With regard to documenting prescriber differentiation of clinical differences, unlike the 503A guidance where FDA recommended the compounder ensure the documentation is on the prescription, it notes that orders from an outsourcing facility are usually made for office stock and therefore FDA recommends that the outsourcing facility obtain a statement from the practitioner specifying the change in the compounding drug and indicating that the drug will be administered or dispense only to a patient for whom the change produces a clinical difference, as determined by the prescribing practitioner.

As with the documentation recommendations under 503A guidance, the 503B guidance notes that a particular format is not needed as long as the information is present.  FDA provides the following examples for outsourcing facility documentation:

  • “Liquid form, compounded drug will be prescribed to patients who can’t swallow tablet” (if the comparable drug is a tablet)
  • “Dilution for infusion solution to be administered to patients who need this formulation during surgery” (if the comparable drug is not available at that concentration, pre-mixed with the particular diluent in an infusion bag)
  • “1 mg, pediatric patients need lower dose” (if the comparable drug is only available in 25 mg dose)
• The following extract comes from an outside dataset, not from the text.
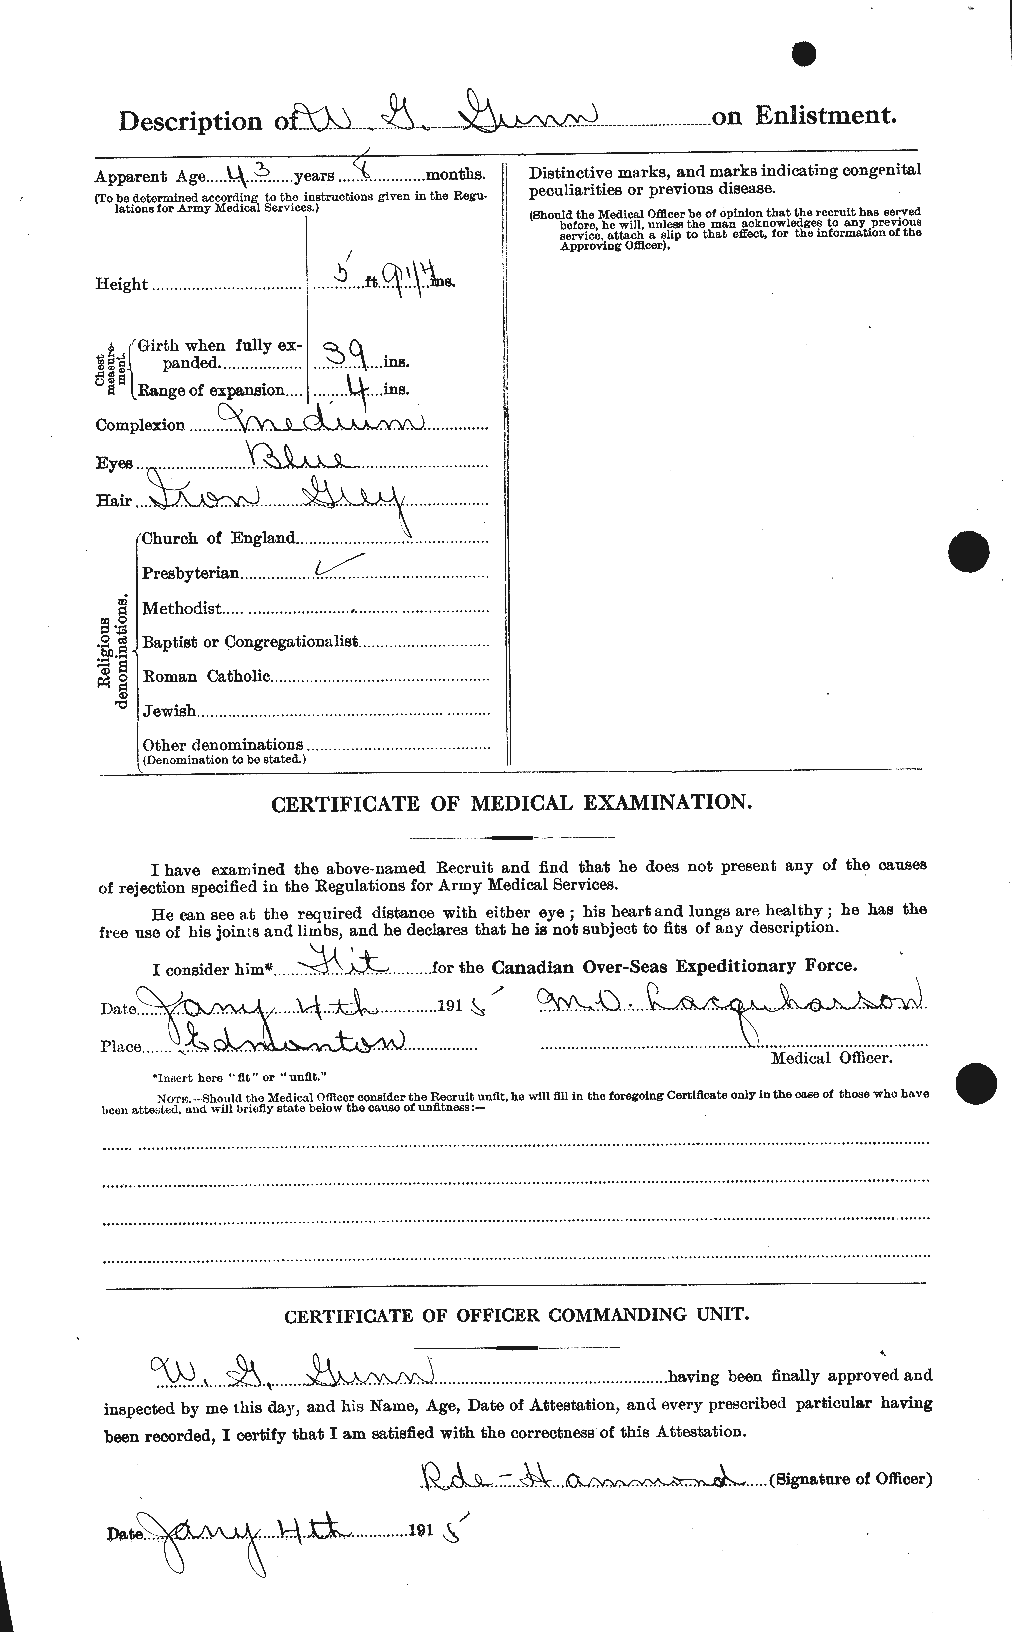 Personnel Records of the First World War - CEF 369368b
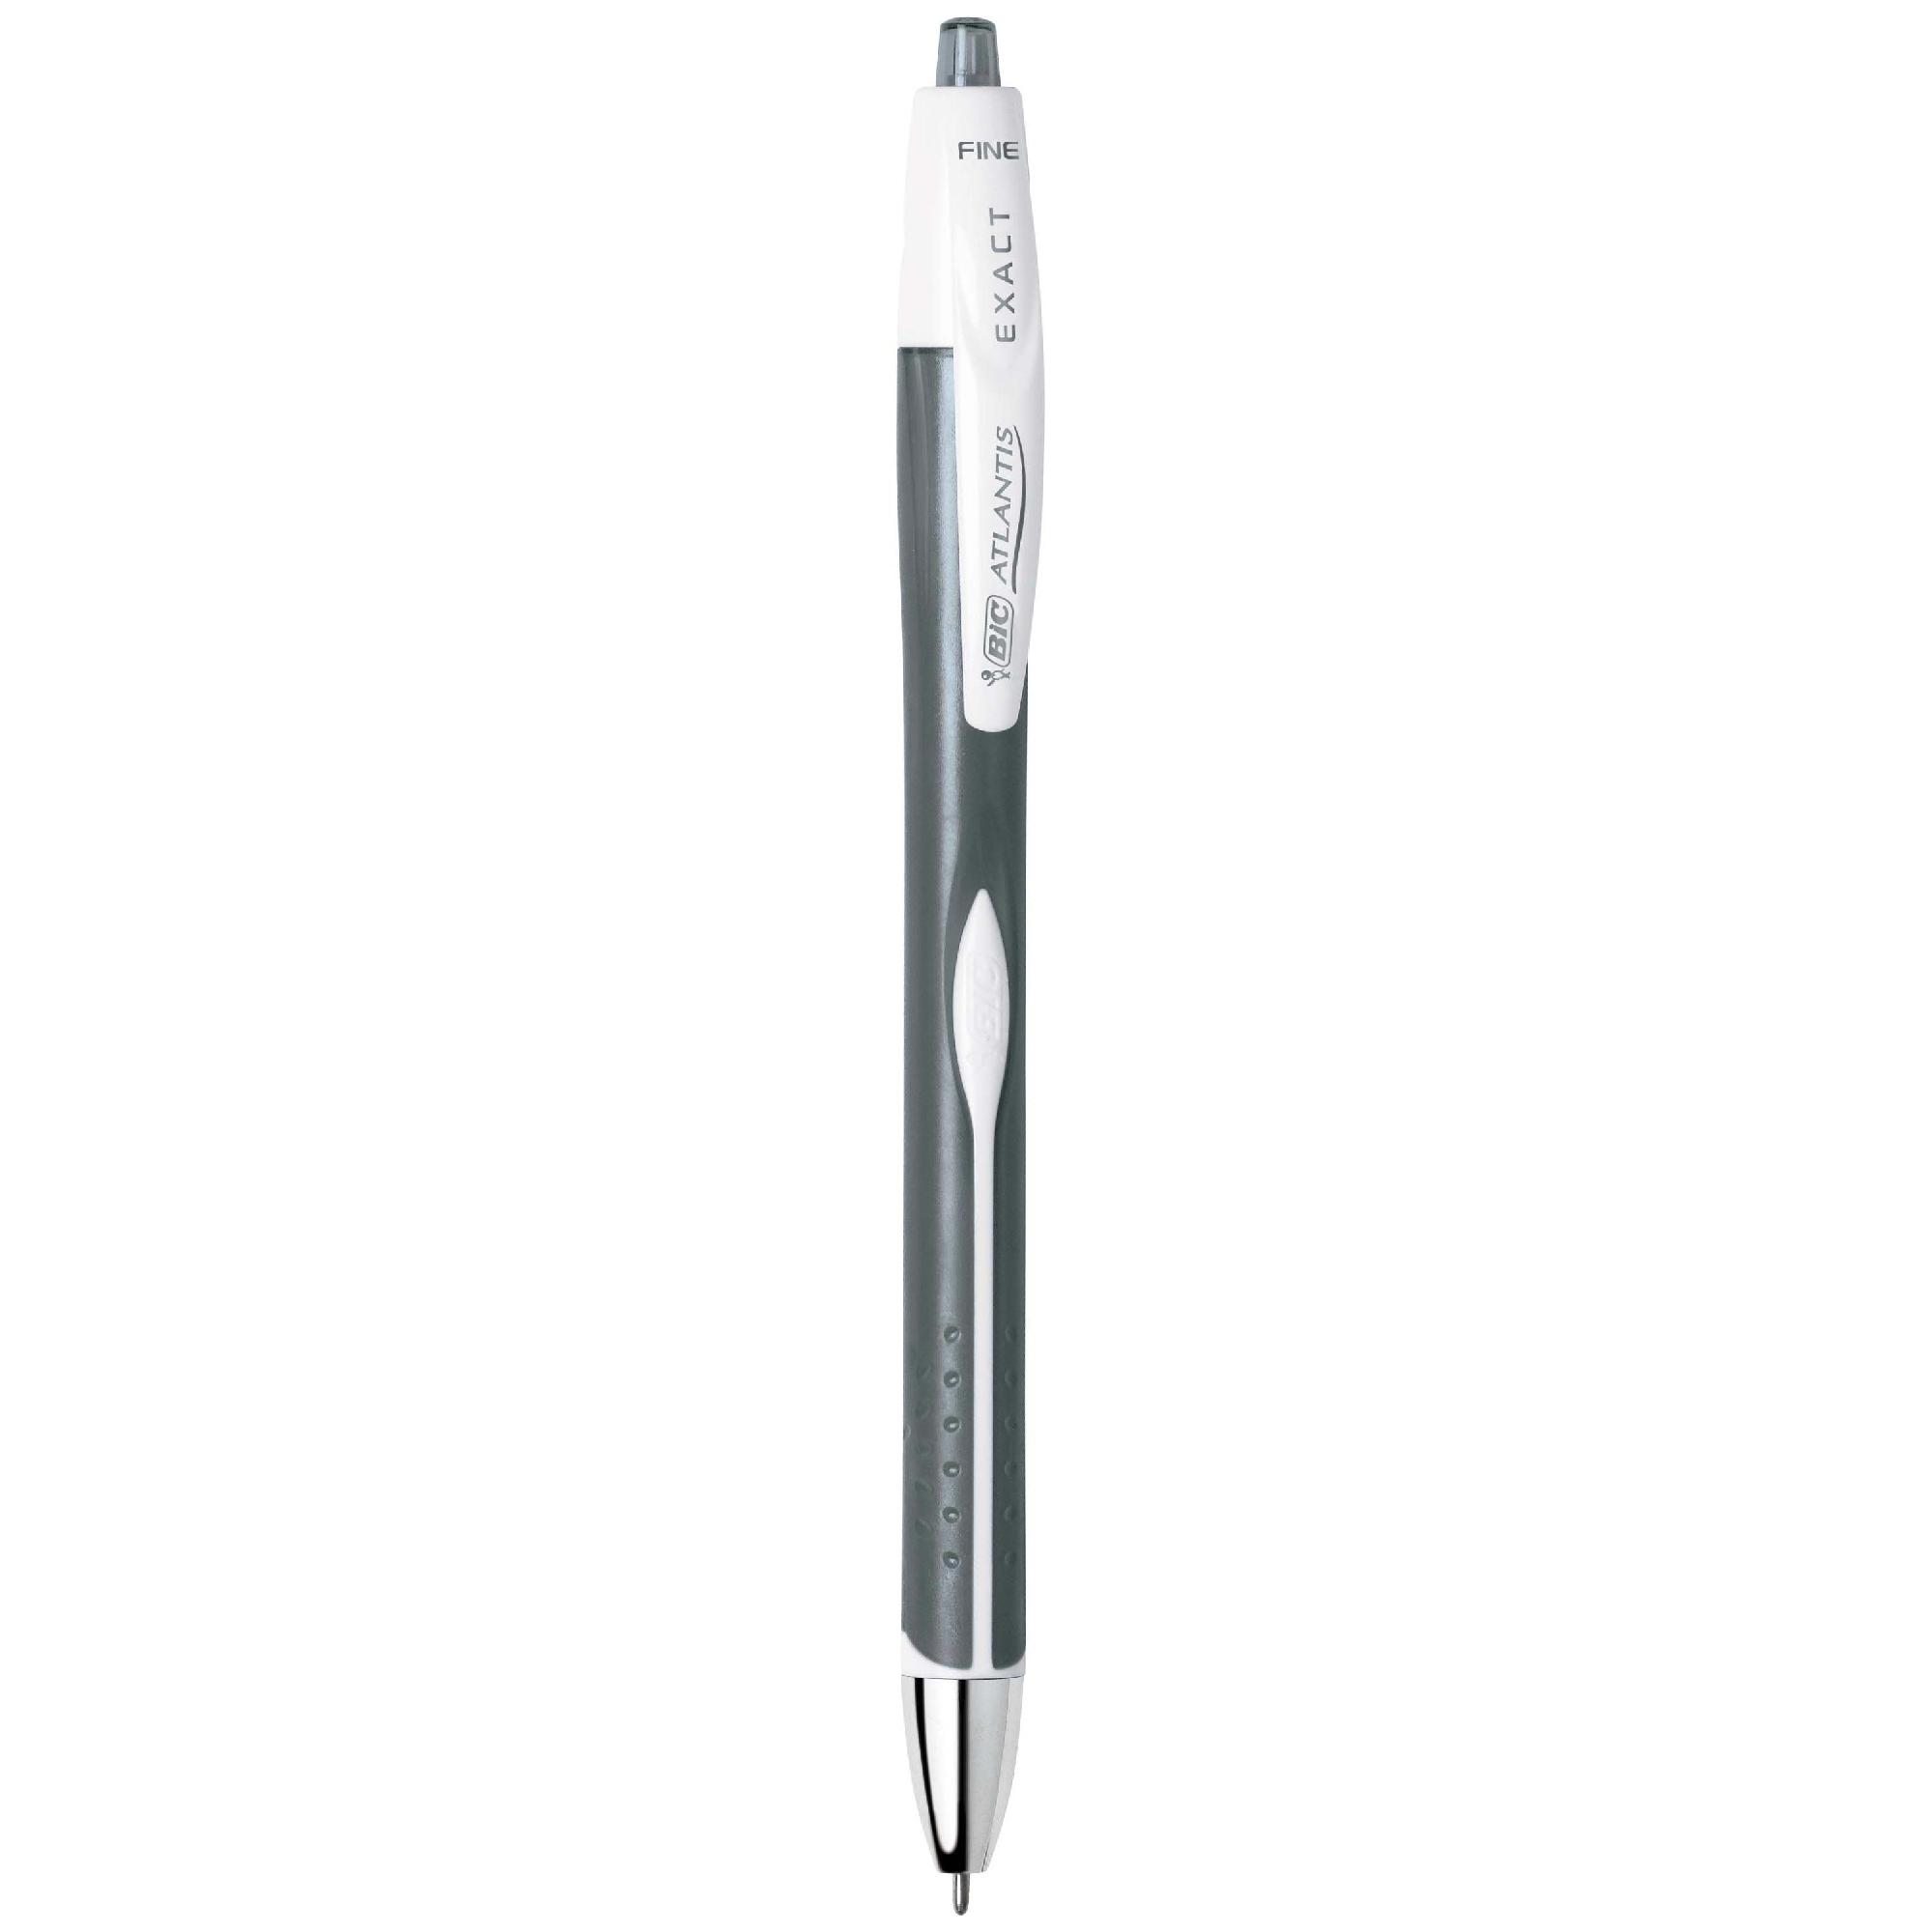 BIC Glide Exact Retractable Ball Point Pens, Fine Point, 0.7 mm, Black Ink, Pack of 3 - image 3 of 8

On the other hand, where outsourcing facilities are compounding based on prescriptions for individual patients, FDA recommends that statements be made on the actual patient-specific prescription, as discussed above for the 503A guidance.

The 503B guidance also provides FDA recommendations for determining whether a drug was “essentially a copy” of a covered over-the-counter (OTC) drug.  It also notes that unlike approved drugs, the appearance of a covered OTC drug on the shortage list would not be viewed as an exception to the finding that it was “essentially a copy.”  The 503B guidance provides recordkeeping recommendations, including that the outsourcing facilities maintain records at least three years.